In this chapter, we focused on different methods of improving geometric throughput. We began with display lists, which are an excellent way to quickly optimize legacy immediate mode rendering code. Display lists, however, can also be used conveniently to store many other OpenGL commands such as state changes, lighting setup, and any other frequently repeated tasks.

By packing all the vertex data together in a single data structure (an array), you enable the OpenGL implementation to make potentially valuable performance optimizations. In addition, you can stream the data to disk and back, thus storing the geometry in a format that is ready for use in OpenGL. Although OpenGL does not have a “model format” as some higher level APIs do, the vertex array construct is certainly a good place to start if you want to build your own.

Generally, you can significantly speed up static geometry by using display lists, and you can use vertex arrays whenever you want dynamic geometry. Index vertex arrays, on the other hand, can potentially (but not always) give you the best of both worlds—flexible geometry data and highly efficient memory transfer and geometric processing.
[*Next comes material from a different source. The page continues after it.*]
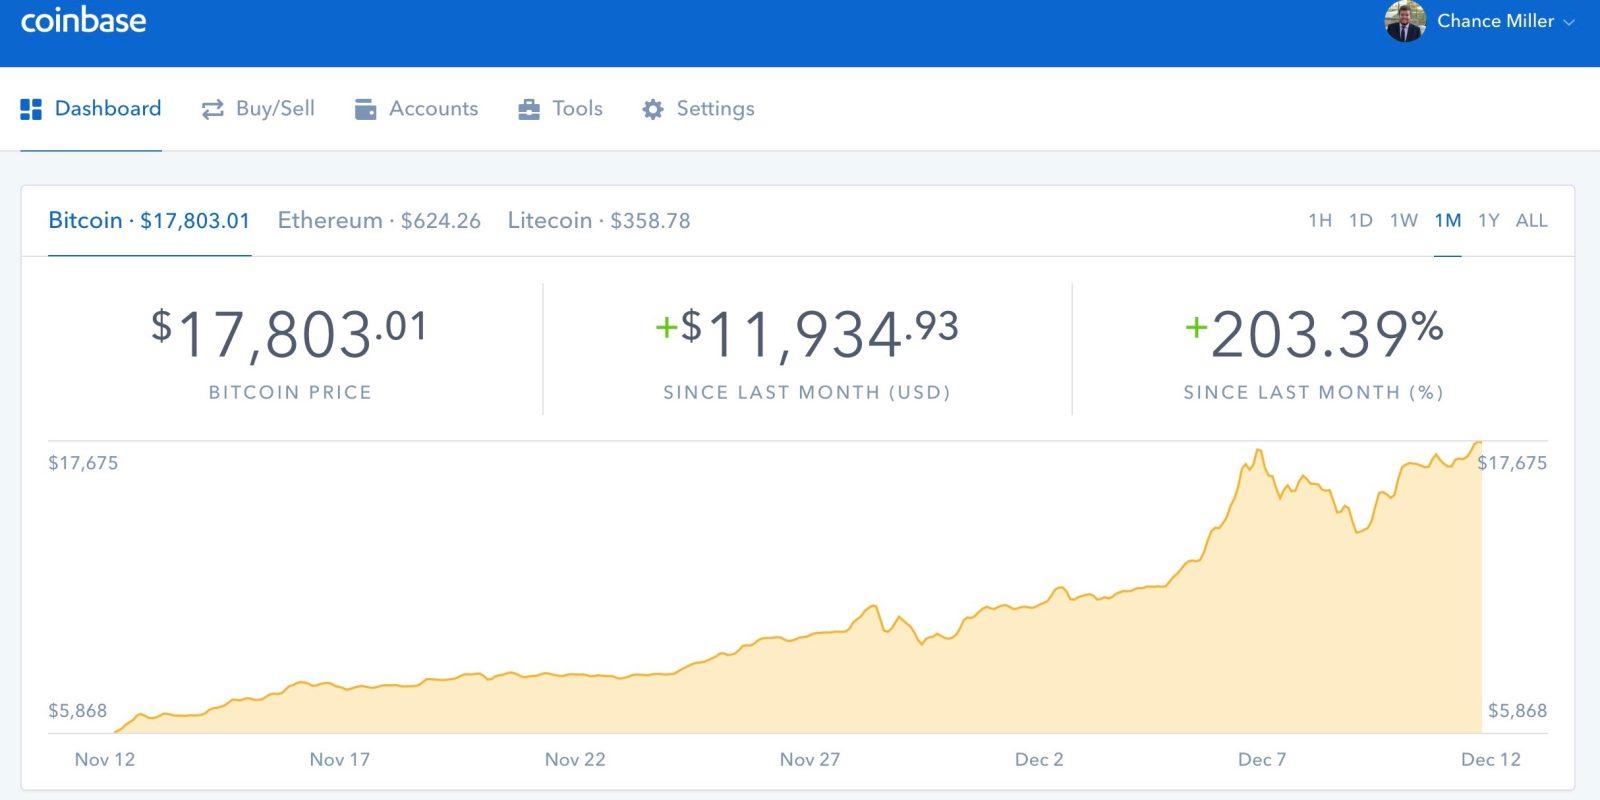 coinbase app screenshot

For many applications, vertex arrays are used almost exclusively. However, the old glBegin/glEnd construct still has many uses, besides allowing you to create display lists—anytime the amount of geometry fluctuates dynamically from frame to frame, for example. There is little benefit to continually rebuilding a small vertex array from scratch rather than letting the driver do the work with glBegin/glEnd.

Finally, we learned to use vertex buffer objects to get the best possible optimization we can hope for with display lists (storing the geometry on the hardware) yet have the great flexibility of using vertex arrays. We’ve seen that the best possible way to render static geometry is to represent it as an indexed vertex array, and store it on your graphics card via VBOs. Still, we have only scratched the surface of OpenGL’s rich buffer object feature set. In Chapter 18, “Advanced Buffers,” you’ll learn some more powerful optimizations and whole new capabilities made possible by the ideas introduced in this chapter.